We are 50/50 in our relationships. We must develop a healthy sense of significance through our own self capacity and knowing thyself and your shadow parts, but we do this better by being supported 50% by the love and appreciation of our partners. Whilst it is not expected that our partners be the one's to lift us up and define our reality at nauseam, we do best with the love and support of our partner. We can co-regulate our nervous systems and we thrive in an environment where we care and affirm each other's wellbeing.

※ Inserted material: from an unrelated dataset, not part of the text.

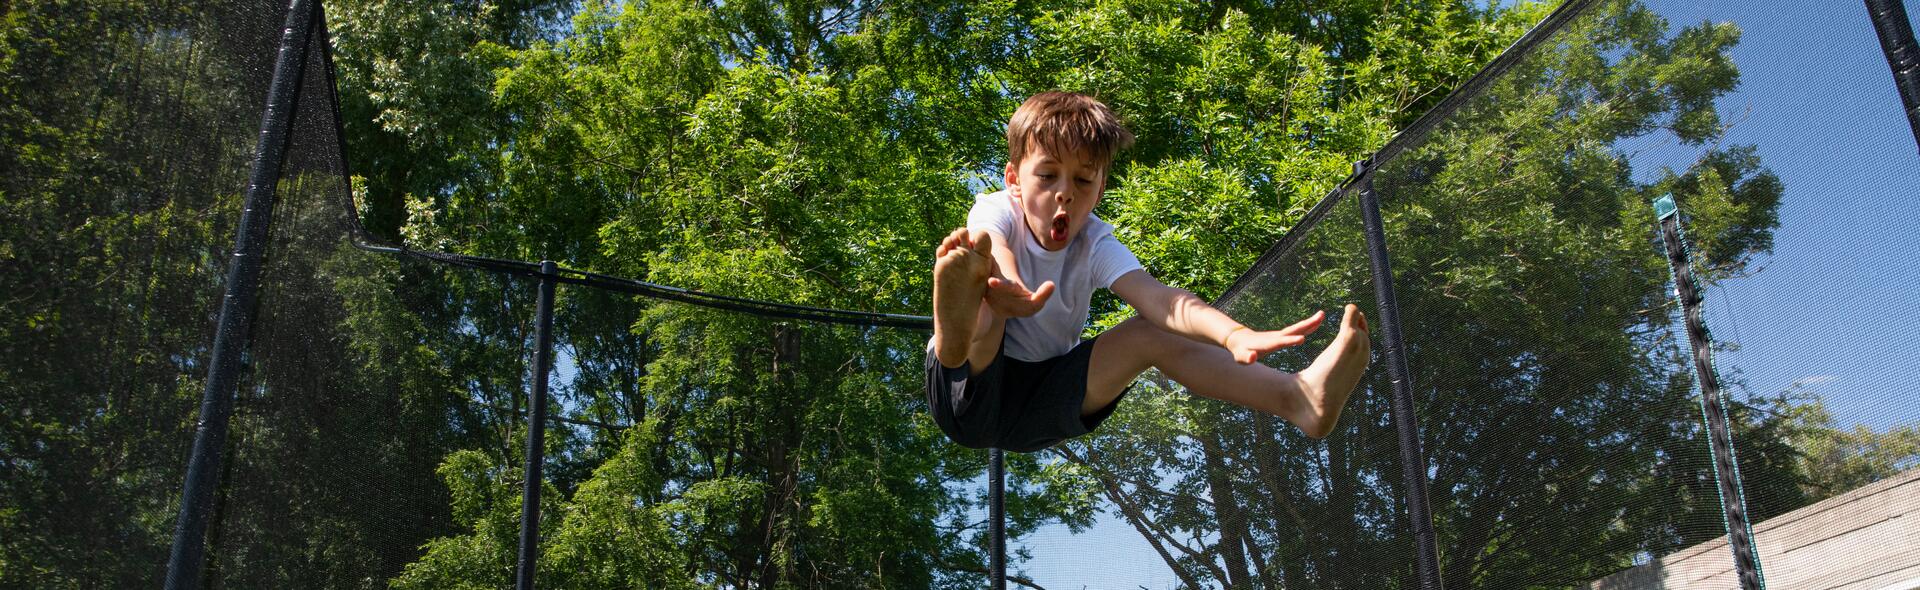 3 ideias de atividades para praticar trampolim em total segurança

So checking in on what makes your partner feel loved? If you don't know ask what makes them feel good. Perhaps it is that you tell them they are loved and appreciated, and you share what it is that you enjoy about them ? Or perhaps your man needs to be kissed and told he has done a great job at finishing that bookshelf he just put up. Regular feed back to provide a sense of appreciation.
For me I was craving to be listened to, to have someone hold me with deep presence with care and attention and to enquire into my world. It doesn't sound like much but it was the masculine presence that I lacked in my world and in my childhood. It was enough to make me stray.
So, be sure to feed your partner with the things that make them feel significant. We not only think these things about our partner, we DEMONSTRATE them regularly.
We need to know that we are significant. An action done with attention, words delivered with eye sight, a favourite meal cooked after a long days work or a short note left before you head to a workshop helps create connection and will support your lover to feel important, and they will be less likely to want to seek that outside of the relationship.